The language consists thus far of collections of lines of code that are terminated with a simi colon. Each line starts out with a keyword followed by a property and then a value. The simi color can be used as a way to break the code down into lines, although it might be better to use line breaks. In any case there is a way to know if a certain statement is over or not. In addition white space can be used as a way to split one of these lines or statements into tokens, or a collection of what might be called a lexem.

once I have an array of tokens I can just map over them creating an array of objects that contains properties such as the line number, col number, the type of token and so forth. This array of tokens can then be used as a way to parse this orb script of mine into another language such as javaScript, or will sever as an argument for an engine or function that will apply or execute this custom language code.

1.1 - The nodejs lexer of my orbScript language

I will want an array of objects that can be used to identify tokens in a code example string.
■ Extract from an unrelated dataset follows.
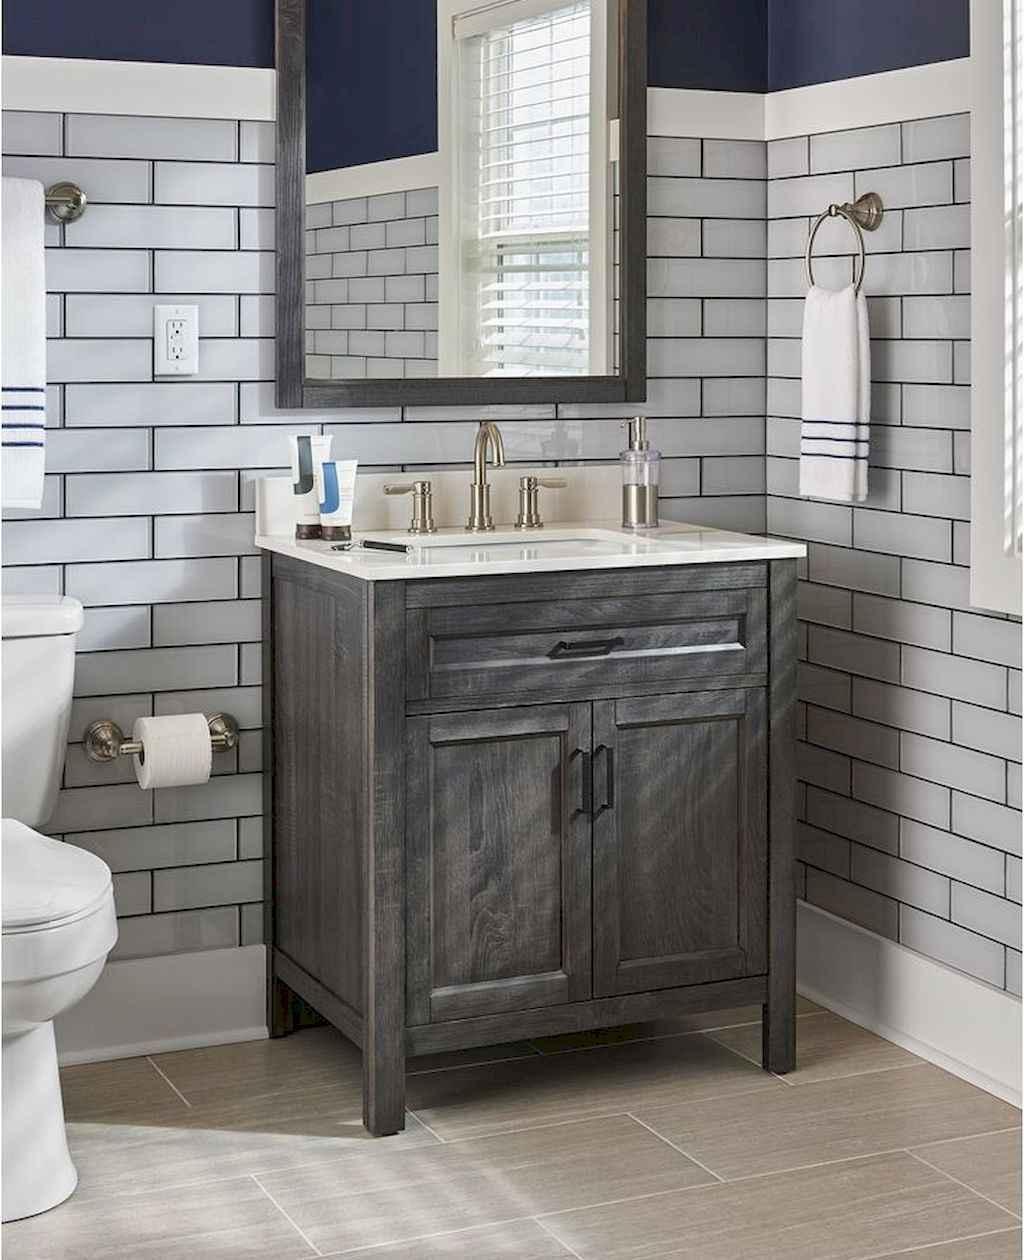 125 awesome farmhouse bathroom vanity remodel ideas (117)

This array of objects will contain a regular expression property that will be used to find out if a given lexum is a known keyword, operator, value or other value of the language.
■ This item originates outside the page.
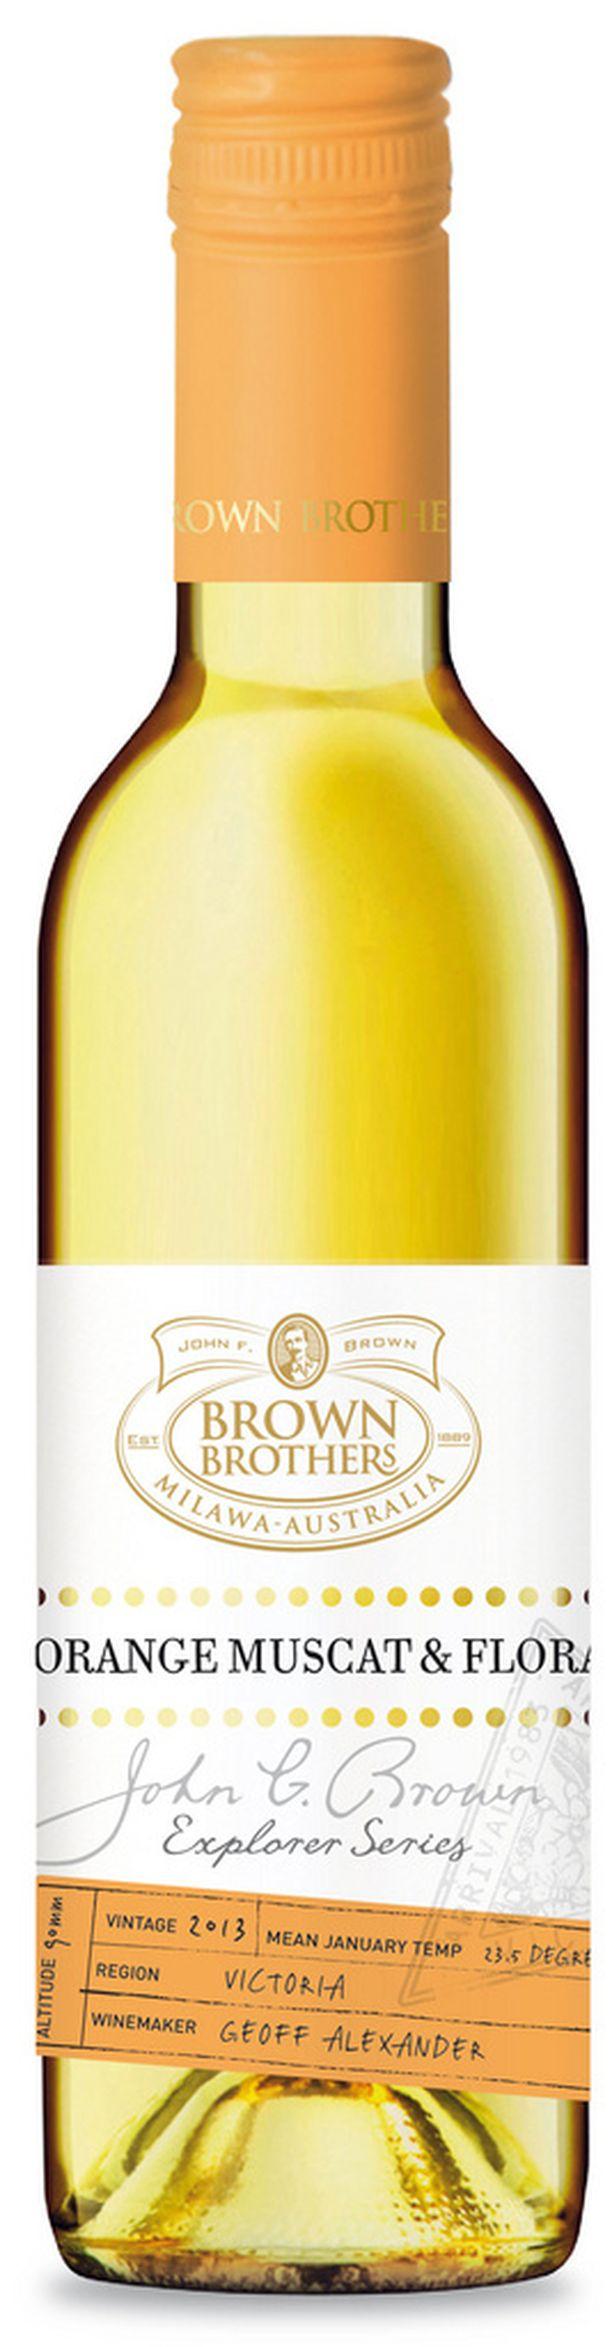 Brown Brother orange muscat & flora (37,5 cl), 13,49 euroa.

I will also want a helper function that breaks down a line of code into token objects, and a main lexer method that is what will be exported by the module.

1
2
3
4
5
6
7
8
9
10
11
12
13
14
15
16
17
18
19
20
21
22
23
24
25
26
27
28
29
30
31
32
33
34
35
36
37
38
39
40
41
42
43
44
45
46
47
48
49
50
51
52
53
54
55
56
57
58
59
60
const langTokens = [{
desc: 'base',
type: 'keyword',
regEx: /base/
}, {
desc: 'cap',
type: 'keyword',
regEx: /cap/
}, {
desc: 'attack',
type: 'property',
regEx: /attack/
}, {
desc: 'speed',
type: 'property',
regEx: /speed/
}, {
desc: 'number',
type: 'value',
regEx: /\d+/
}
];
// return an array of token objects for the given text line
let lineToTokenObjects = (line, lineNum) => {
let lineTokens = line.split(' '),
col = 0,
tokenLen = langTokens.length;
return lineTokens.map((lexem, lineTokenIndex) => {
let i = 0,
obj = {};
while (i < tokenLen) {
let t = langTokens[i];
m = lexem.match(t.regEx);
obj.lexem = lexem;
obj.position = {
line: lineNum,
col: col,
token: lineTokenIndex
};
if (m) {
obj.ltID = i + '-' + t.desc;
obj.type = t.type;
break;
}
i += 1;
}
col += lexem.length + 1;
return obj;
});
};
// just export the lexer function
module.exports = (orbScript) => {
let tokens = [],
lines = orbScript.split(';');
return lines.map((currentLine, i) => {
return lineToTokenObjects(currentLine, i);
});
};

1.2 - Testing out the lexer

Now to test out my lexer with a simple test script of sorts. I will and just a single javaScript file that requires in the lexer module, and then uses it do create an array of token objects for a given code example of my orbScript language.

So something like this:

1
2
3
4
5
let orbScriptLexer = require('./lexers/orbscript-dsl.js');
let tokens = orbScriptLexer('base attack 30');
console.log(JSON.stringify(tokens));

The result of which spits out this json to the console.

1
2
3
4
5
6
7
8
9
10
11
12
13
14
15
16
17
18
19
20
21
22
23
24
25
26
27
28
29
30
31
32
[
[
{
"lexem": "base",
"position": {
"line": 0,
"col": 0,
"token": 0
},
"ltID": "0-base",
"type": "keyword"
}, {
"lexem": "attack",
"position": {
"line": 0,
"col": 5,
"token": 1
},
"ltID": "2-attack",
"type": "property"
}, {
"lexem": "30",
"position": {
"line": 0,
"col": 12,
"token": 2
},
"ltID": "4-number",
"type": "value"
}
]
]

So it would seem that my simple little lexer works as expected thus far at least. My language is not much of a language at this point, but the basic idea of a nodejs lexer is there. Taking this to the next level would involve further developing the language to begin with, as well as this lexer. In addition I would want to write some kind of function or other moduel that will take this array of tokens and do something useful with it. Such as apply the orb script to some kind of orb object.